Blazing through Yakuza 0, Yakuza Kiwami 1, and Yakuza Kiwami 2 in my endless quest to clear my backlog, I came across a kind of minor epiphany. Maybe video games are thinking about settings in the wrong way, at least as far as Western Triple A tent pole releases are concerned. You know the ones; Those games that surface every E3 with a bevy of industry buzzwords belaboring how “immersive”, “expansive” and “breathtaking” their open-worlds are. Games that treat the hours of content contained within their ever-larger worlds as a mark of achievement. Games with locales like Los Santos, Hyrule, Ancient Egypt, Gransys, and, perhaps the most eldritch of them all, San Francisco. The funny thing about these places, however, is that I can’t seem to remember a single thing about them. I really couldn’t even begin to describe what these worlds actually look like other than a set of vagaries like “grassy” or “grey”. I wondered what the whole point was: why are game worlds that were meticulously designed by legions of very creative, very talented people as easy to remember as last month’s lotto numbers?
The answer came to me while playing Yakuza Kiwami 2. I had just stepped out of a Club Sega after a round of Fighting Vipers, fought a gang of diaper-sporting goons, and attempted to wash the memory away at the nearest Gindaco Highball. What makes a game world memorable isn’t about the physical space itself, but about what you do in it. More importantly, it’s about how you interface with the environment, how you live it.

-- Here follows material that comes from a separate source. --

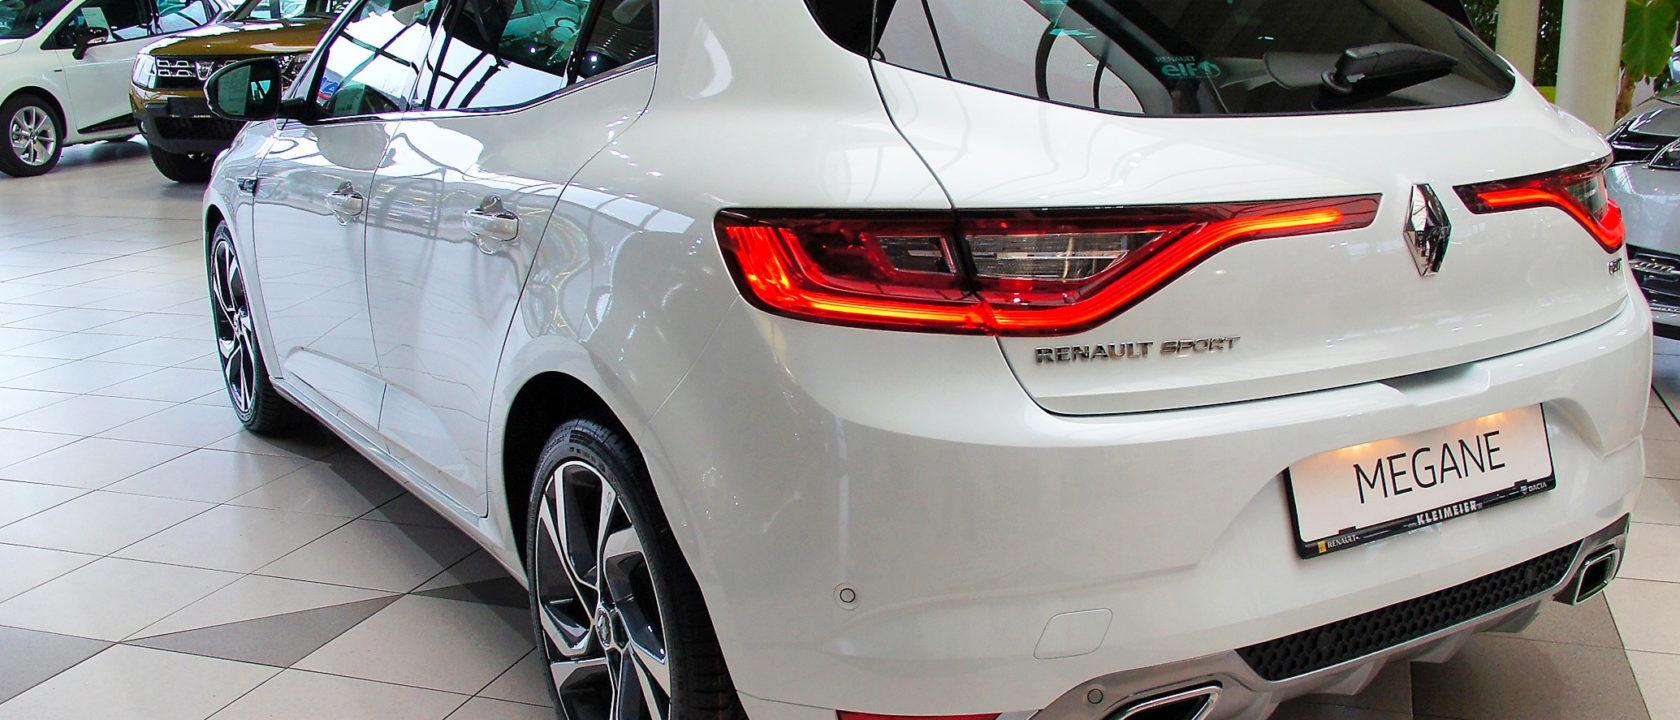 Renault Megane GT Sport

If I were to describe most open world settings, I would call them places where things happen. For example, Insomniac’s Spider-Man has a beautifully rendered New York City, which obviously carries great importance to the character and his mythos. However, once your hands are on the controller, does the city build upon this urban texture? Does the player’s interactions with the world present them with a degree of authenticity?
The city, despite looking alive and vibrant, is little more than a cluster of rectangles to swing from and criminals to beat up. The player never feels like they truly belong to the city, unable to meaningfully interact or interface with it. In this way, it is impossible to have any real intimacy with the setting or to emotionally respond to it in the same way we would our own spaces. When it comes down to it, New York is Spider-Man’s playground. And perhaps that’s what Insomniac wanted, sure. Nevertheless, this way of framing setting hurts any real attempts to breathe life into it. For all of Peter’s talk of love for the Big Apple, it falls flat when there is only the mechanical husk of a city there, with absolutely nothing beneath the surface.
Game worlds are truly made resonant by your activities and interactions with them, which is why something like Yakuza works while Spider-Man doesn’t. What Yakuza has that Spider-Man and other games of its ilk don’t is a definite sense of place. Kamurocho is a setting impossible to forget, begging you to memorize its neon-polluted streets, smoky back-alleys, and deserted parking lots. In many ways, the smaller scope of the setting contributes to a greater intimacy and familiarity than what would be possible zipping through the sky in Spider-Man or gunning through the streets of Los Santos. Player activities in Yakuza mirror what some rough and tumble punk would get up to in a city like Kamurocho: street fights where you beat the snot (and yen) out of gangs of delinquents, and excursions to bars, restaurants, and arcades where you spend that cash. You cannot attack civilians, steal cars, run people over, blow up buildings or anything that would deviate considerably from how a resident of Kamurocho would interact with the environment. In this sense, one gets the impression that they are truly a part of the setting instead of some omnipotent on-looker able to do whatever they wish. Ryu Ga Gotoku Studio demands respect for Kamurocho (and by extension its real world counterpart, Kabukicho) and you are made to live in it, just as the throngs of civilians surrounding you do. Kamurocho is no blank canvass or sandbox for the player. It refuses to be distorted or ignored as set dressing. Instead, here is a setting that exerts its influence and presence in every minute activity the player participates in. Your activities in Kamurocho are a direct reflection of the city itself, and your interactions with the world helps to give it life.
Meanwhile, Spider-Man’s secondary activities are so generalized that they could apply to just about every open world game out there, and in fact they do, seeing as how a lot of these concepts were ripped straight out of the Ubisoft handbook. This is what lies at the heart of what makes authentic settings in games so difficult. The current cut-and-paste, trend chasing mania afflicting game development lies at odds with the fact that every unique setting needs unique interactions with that setting that contextualize it as more than a place where things happen. Instead, the player needs to be sold on the fantasy that the things happening could only ever happen here.